After the finalization of custody agreements, most parents get to see their children at least part of the time. Usually it’s weekends or every other week, but there’s usually a home base for the kids and then a house they go to sometimes. If you are the parent that gets the kids on the weekends or on long breaks, it’s easy to become the “fun” parent. Think of which parent, if either, doesn’t enforce a bed time or allows ice cream for breakfast. This post-divorce overcompensation can lead to an unfair preference in parents.
Post-Divorce Overcompensation and Resulting Issues
Overcompensation is just another way to say someone is trying too hard. Post-divorce overcompensation is quick way to get on your ex’s bad side. When co-parenting, it is important to remember that you and your ex are still a team. Intentionally trying to undermine the general rules and routines children have will result in behavioral issues or confusion for the children.
Post-Divorce overcompensation can be big or small
Toys and gifts for no reason during every visit will become an expectation. Eventually this could cause distaste for the other parent. Additionally, deliberate disruptions in routines or bed times will show the children there is a lack of respect for these routines. Eventually, the over-compensating parent will become a push-over who allows anything to happen. While it may sound extreme, children are impressionable and these small actions can mean a lot later in life.

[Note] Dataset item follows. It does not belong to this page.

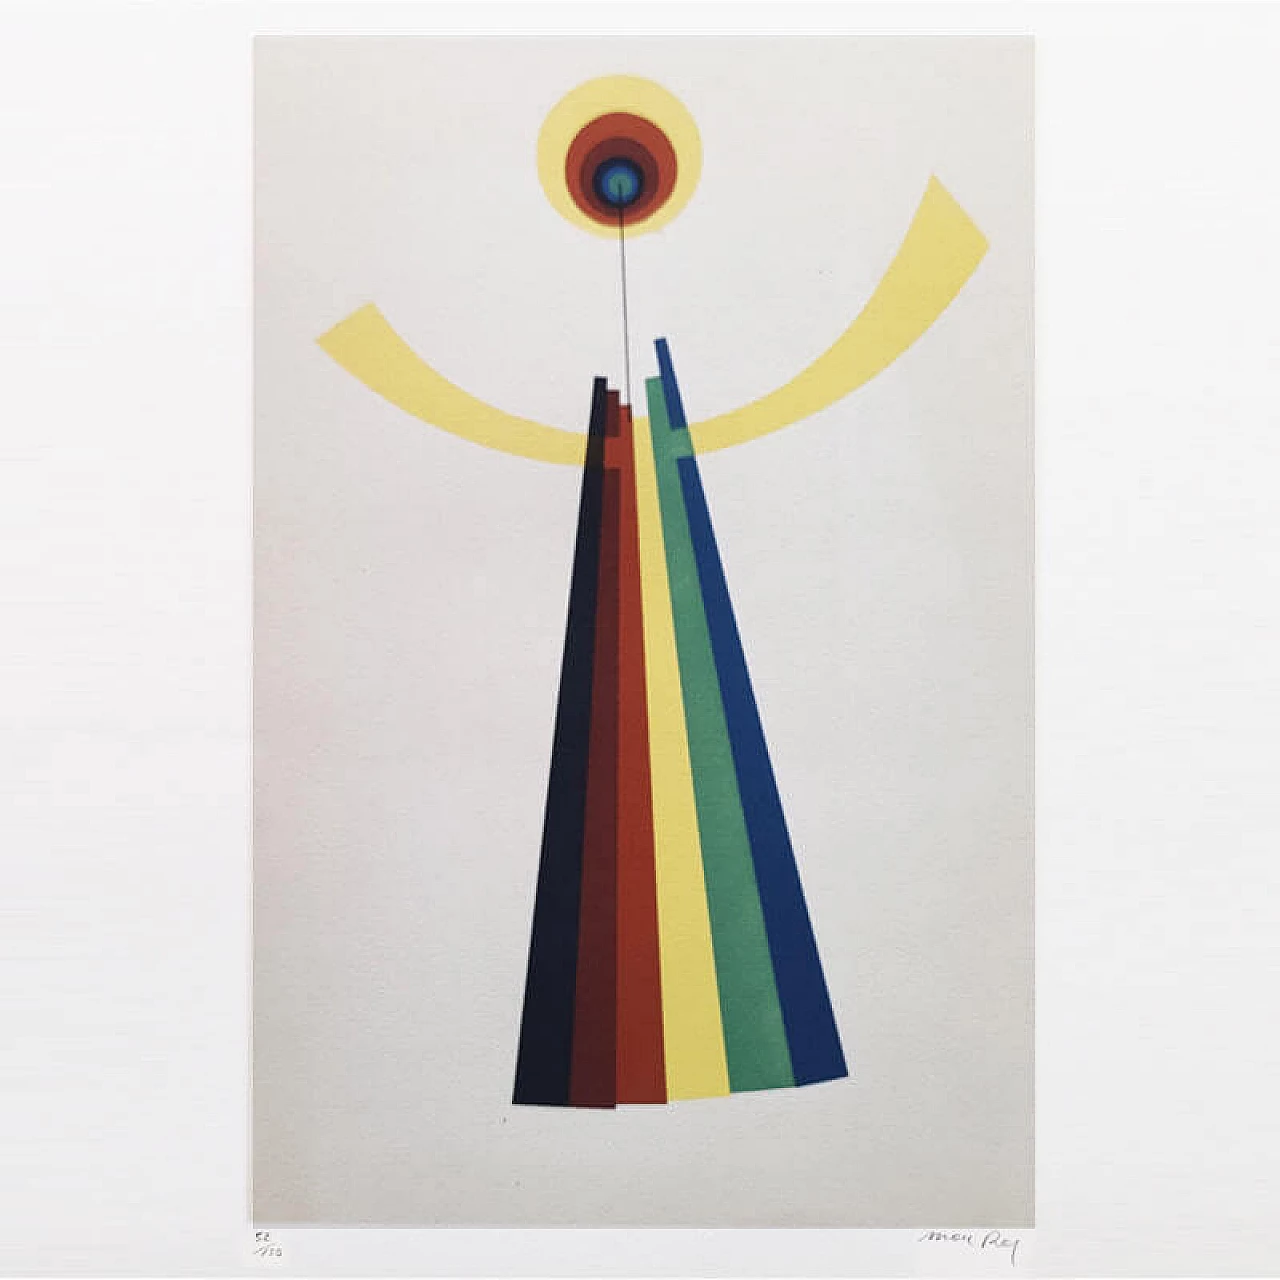 Man Ray, the mime, limited edition lithograph, 1972 2

How to Avoid Post-Divorce Overcompensation
If you are noticing post-divorce overcompensation beginning within yourself or your ex, there are solutions. Many times, freshly divorced parents spoil their children. Children should not expect gifts in any form from either parent. If the children are young, they may not notice the change in tempo regarding gifts. If they do notice and are upset, just simply explain to them that they are still loved. This is a good time to instill in them that gifts do not equal love.

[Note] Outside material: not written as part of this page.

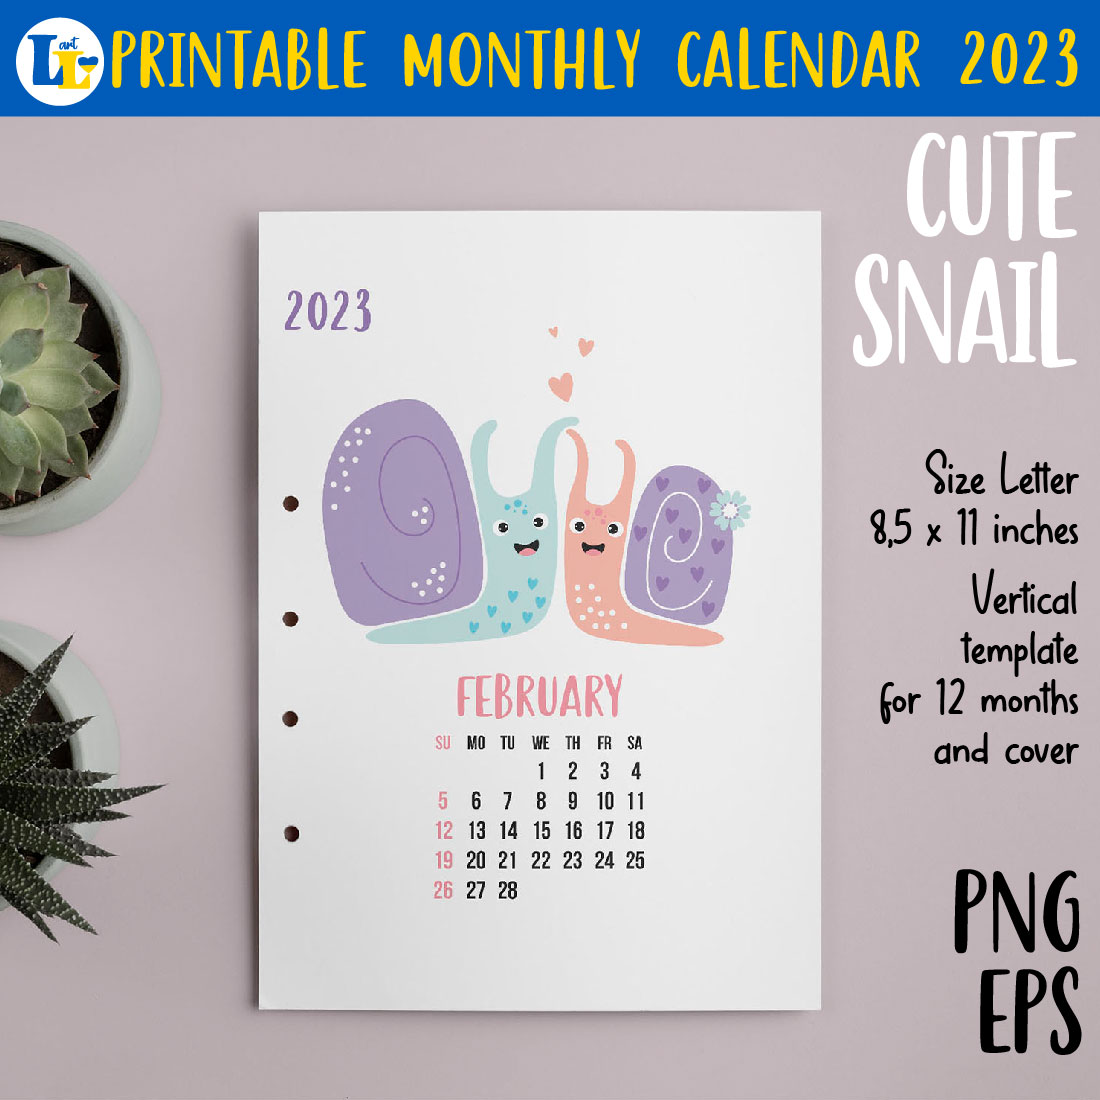 Cute Snail. Kids Calendar 2023 Printable Monthly Template preview image.

If you and your ex follow different rules, it is possible to work together to avoid post-divorce overcompensation. Communicating and being open about your expectations will help you co-parent.
Taking a step back
By becoming aware of the effect your actions are having on your children will help in trying to address post-divorce overcompensation. It is crucial that your children know that both parents love them and that the gifts are not to gain extra love. At the end of the day, children love you, gifts or not.